THE GRAB on bank deposits that accompanied Cyprus’ bailout could be repeated elsewhere in the eurozone, and the bloc’s banking union may not be strong enough when it is introduced, Standard & Poor’s said yesterday.
“We believe that the events in Cyprus highlight the increased reluctance of financially stronger eurozone countries to make their taxpayers’ funds available to recapitalise banks outside their home jurisdictions,” the credit ratings agency said in a report.
“For this reason, although the key features of the Cypriot banking system are not shared by other eurozone countries, we consider that the bail-in may indeed create a precedent.”

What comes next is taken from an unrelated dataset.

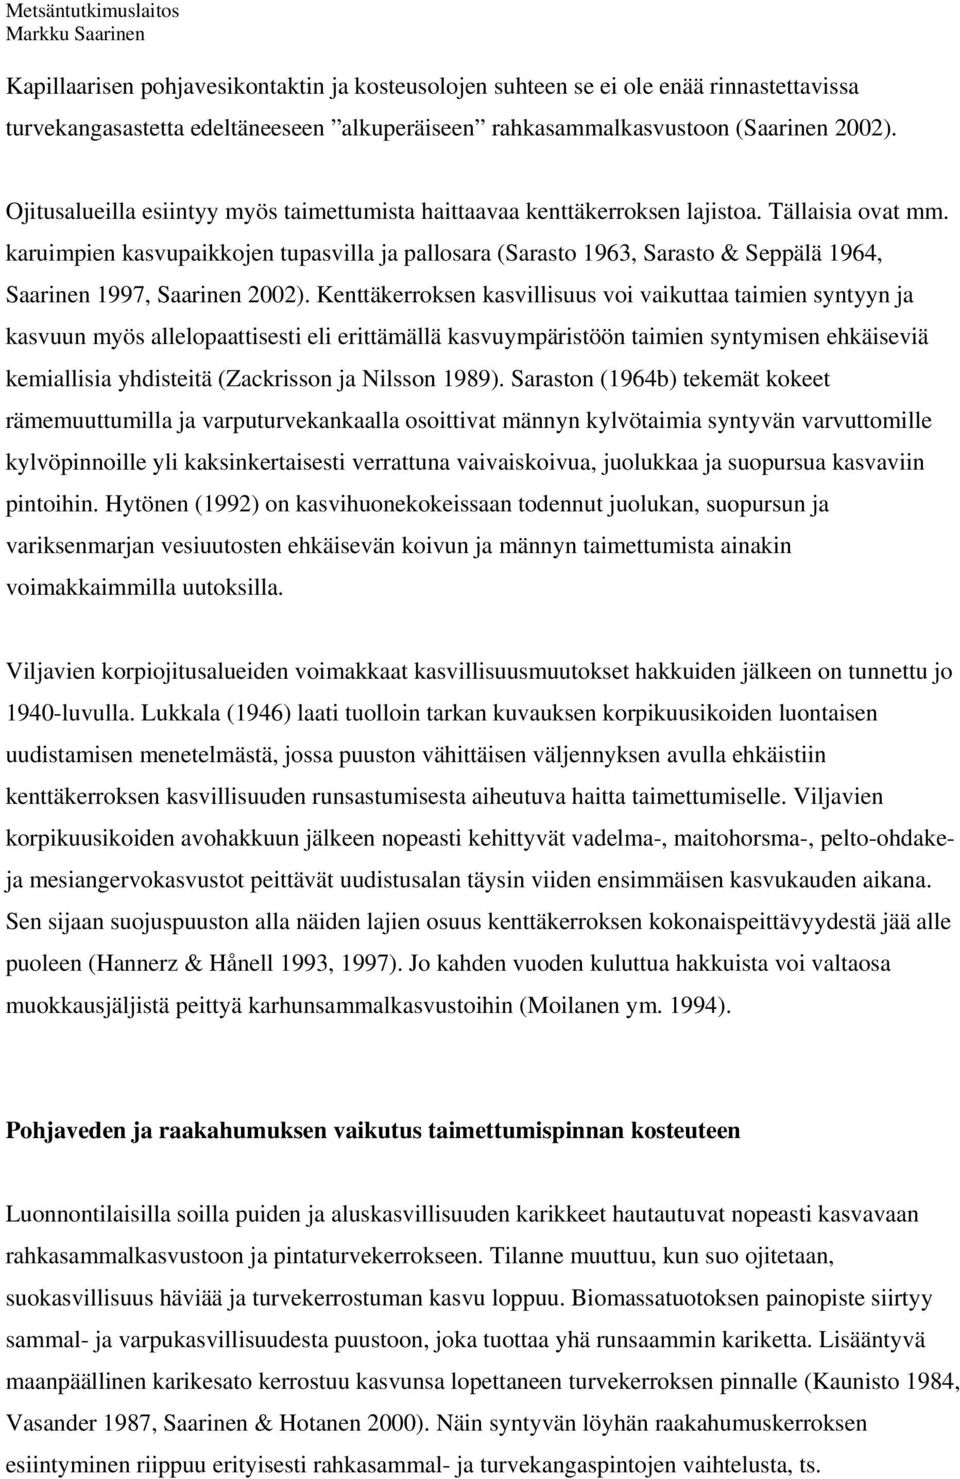 karuimpien kasvupaikkojen tupasvilla ja pallosara (Sarasto 1963, Sarasto & Seppälä 1964, Saarinen 1997, Saarinen 2002).

Speaking at the London School of Economics, Athanasios Orphanides, who headed Cyprus’ central bank during much of the run up to the crisis, slammed the handling of the situation by both the island’s government and eurozone leaders.
“I read this (deposit grab) as another Deauville,” Orphanides said, referring to the groundbreaking agreement between German Chancellor Angela Merkel and then French President Nicolas Sarkozy to impose losses on Greek bondholders.
“It is not yet clear what has been done to the banking sector in the periphery… The issue is how this may play out going forward.”
S&P’s report also raised concerns that the eurozone’s plans for a banking union – designed to break the link between costly bank bailouts and unmanageable sovereign debt levels – may fall short of requirements.
The union is due to come into force by mid-2014 but there has been substantial backsliding on the original blueprint, with Germany in particular resistant to committing taxpayers’ money to supporting banks outside its borders.
S&P credit analyst Richard Barnes said the increasingly “minimalist”-looking plans would “do little to make the eurozone a more cohesive monetary union or address banks’ direct and indirect dependence on the creditworthiness of their national governments.”
“Unless the banking union delivers greater integration than currently appears achievable, the creditworthiness of banks will likely remain dependent on their home sovereigns’ creditworthiness. Therefore, they would remain vulnerable to any further deterioration in the operating environment,” he added.